A Testamentary Trust is created by a Will and only comes into effect on the death of the Will-maker.  Preparing a Will which incorporates Testamentary Trusts ensures that:

  • the Will-maker’s hard earned assets are protected from their children’s misadventures after the Will-maker passes away, such as divorce or bankruptcy;
  • income may be distributed to a broader range of beneficiaries;
  • the beneficiaries can utilise the taxation advantages available which makes them an effective estate planning tool.

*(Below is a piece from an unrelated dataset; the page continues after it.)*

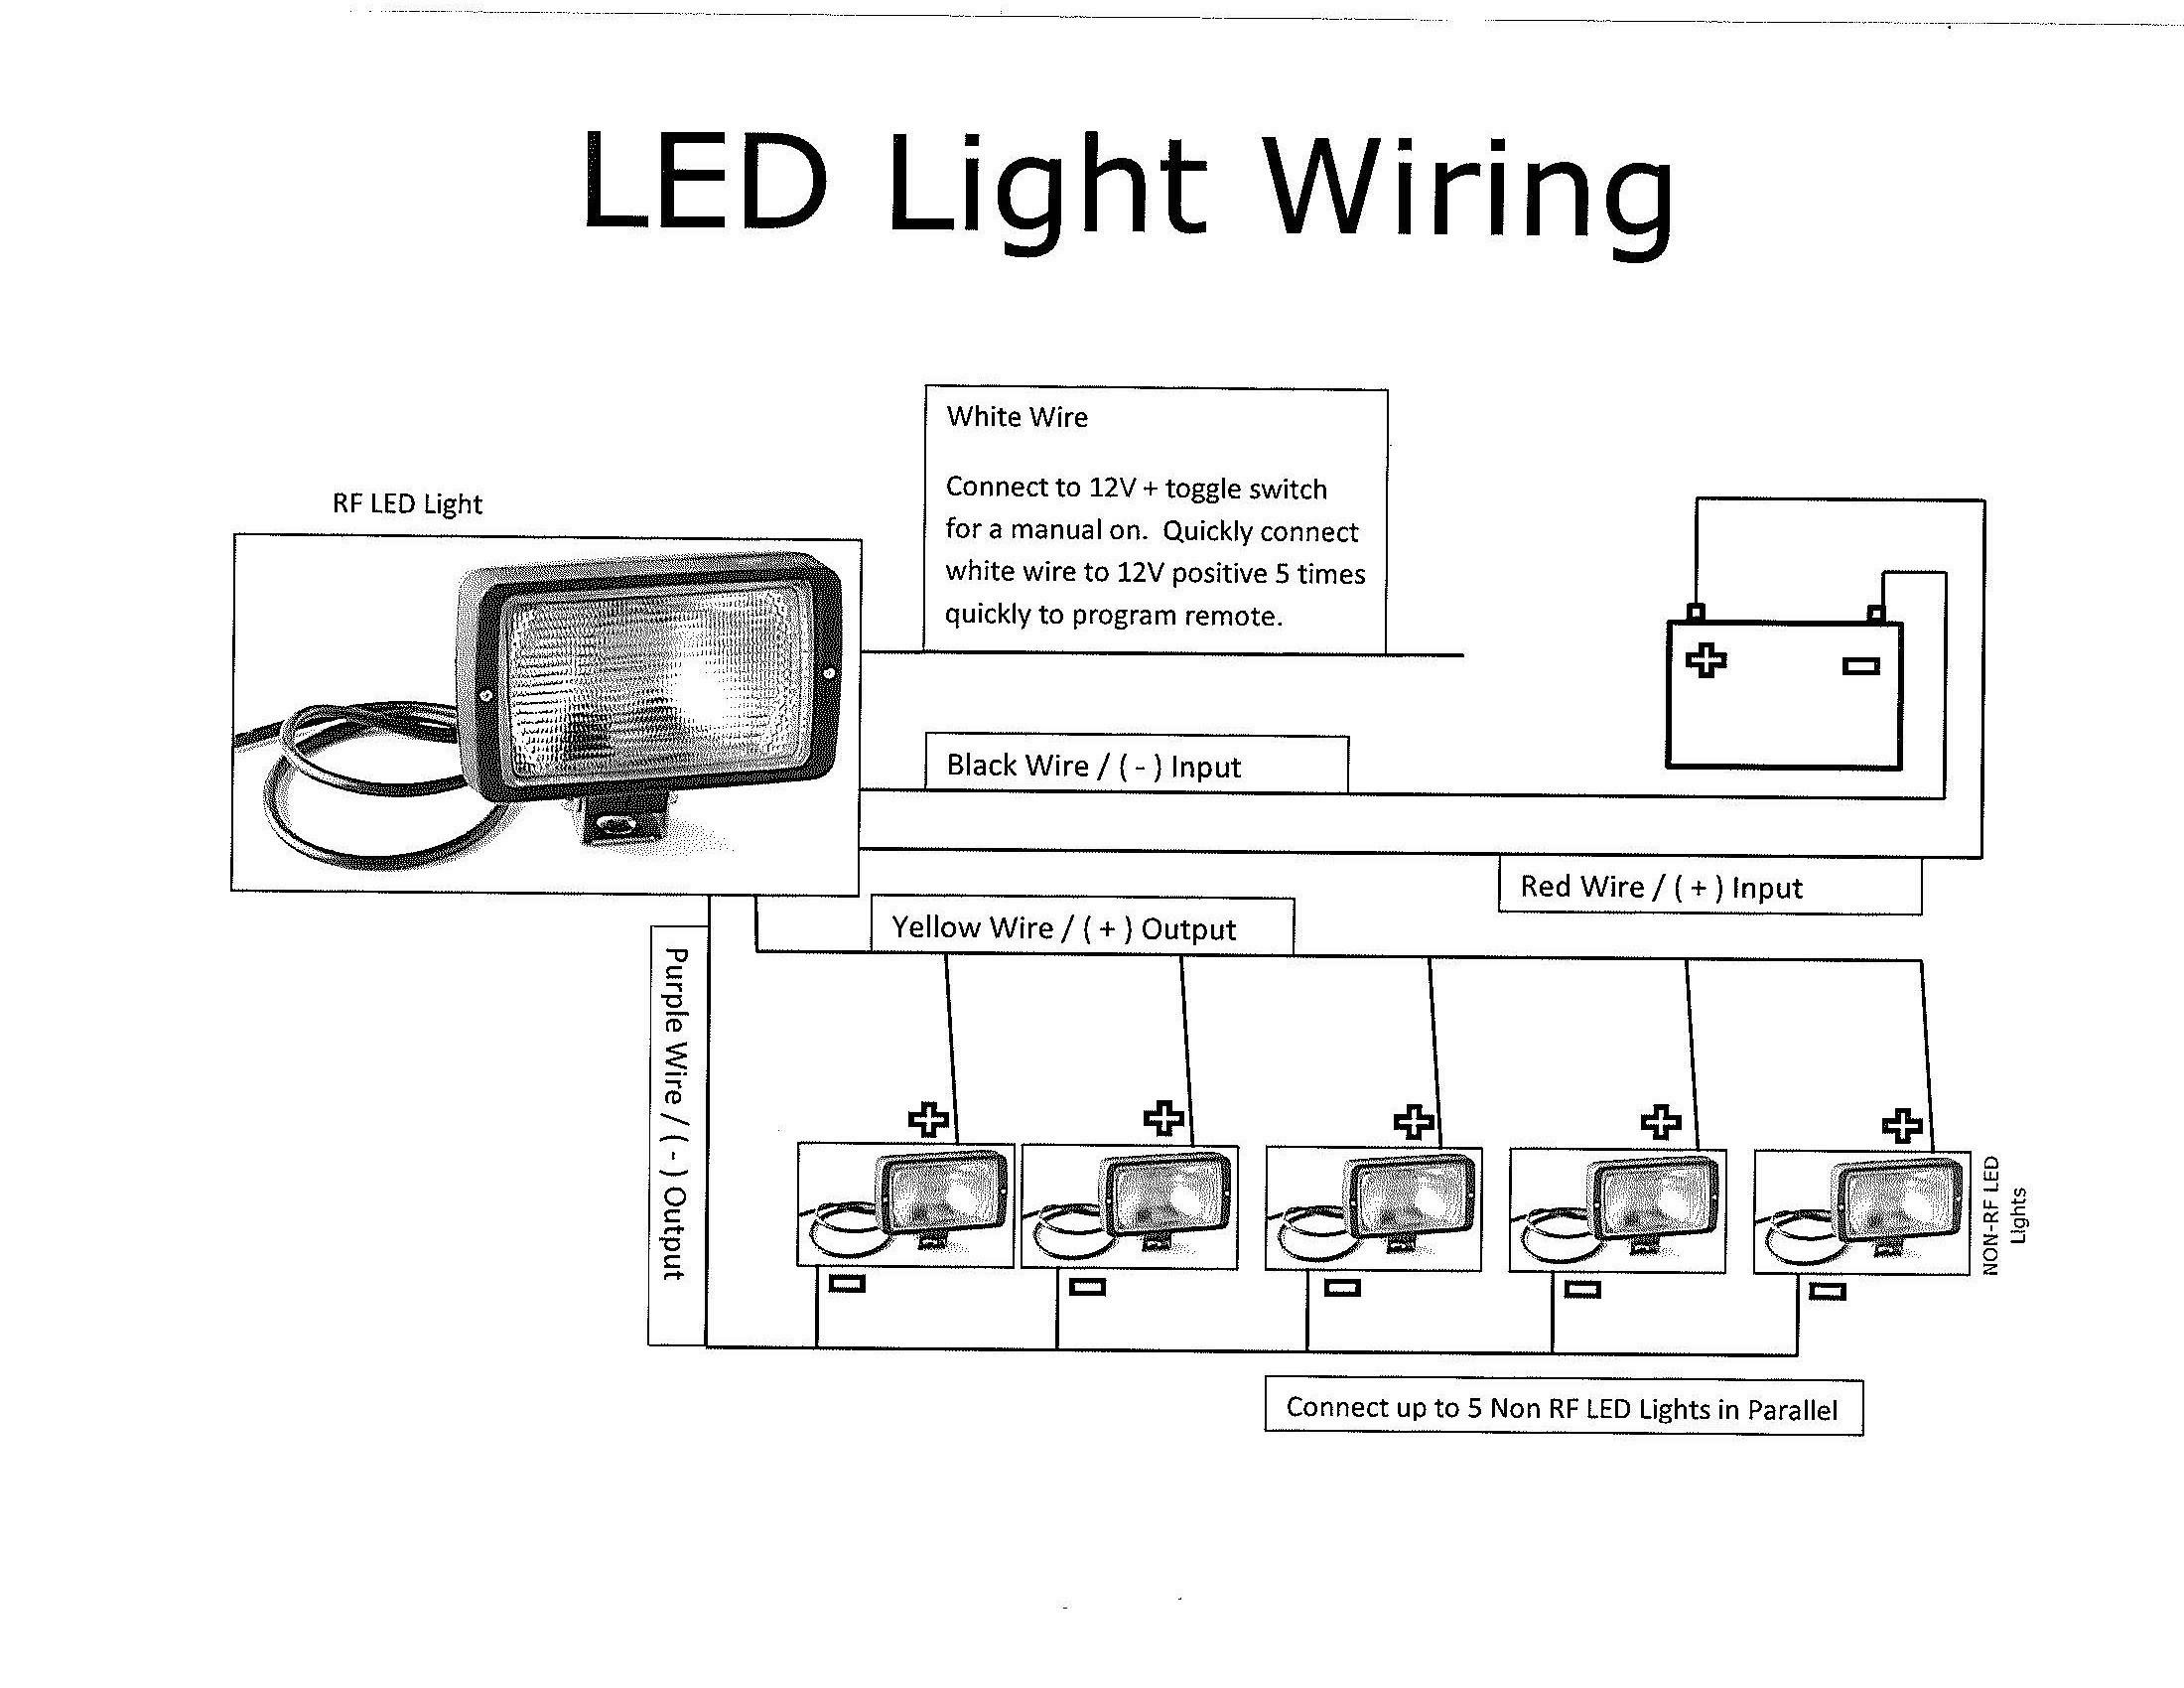 Fluro Light Wiring Diagram Australia New Wiring Diagram for Led Tube Lights Archives Gidn Best Wiring

Benefits of a Testamentary Trust?

There are two main advantages for preparing a Will which incorporates Testamentary Trusts – Asset Protection and Taxation Benefits.

Asset Protection

Well drafted Wills incorporating Testamentary Trusts can:

  • ensure that assets held in the trust are separate from assets personally owned by the beneficiaries.  Therefore, in the event of a relationship breakdown, the assets held in the Testamentary Trust earmarked for the Will-maker’s children may be held separate from the assets of the relationship.  While asset protection cannot be guaranteed there is a higher level of protection than that provided to absolute gifts made by way of a standard Will.
  • be structured so to limit the control a certain beneficiary has over the asset which can protect against irresponsible use or early sale of the asset while allowing the beneficiaries to enjoy the use or income of the asset.
  • help to protect the Will-maker’s estate from creditors of beneficiaries if a beneficiary becomes bankrupt due to business misadventures after the Will-maker passes away.

Tax Benefits

Testamentary Trusts allow the beneficiaries to take advantage of the available income tax benefits by providing that:

  • all beneficiaries including minor children receive the tax free threshold;
  • distributions can be made from the trust, not just to the primary beneficiary but to other potential beneficiaries (including perhaps primary beneficiaries’ spouse, child or sibling).  This may be attractive as it allows potential beneficiaries to take advantage of lower income tax bracket thresholds that potential beneficiaries may have.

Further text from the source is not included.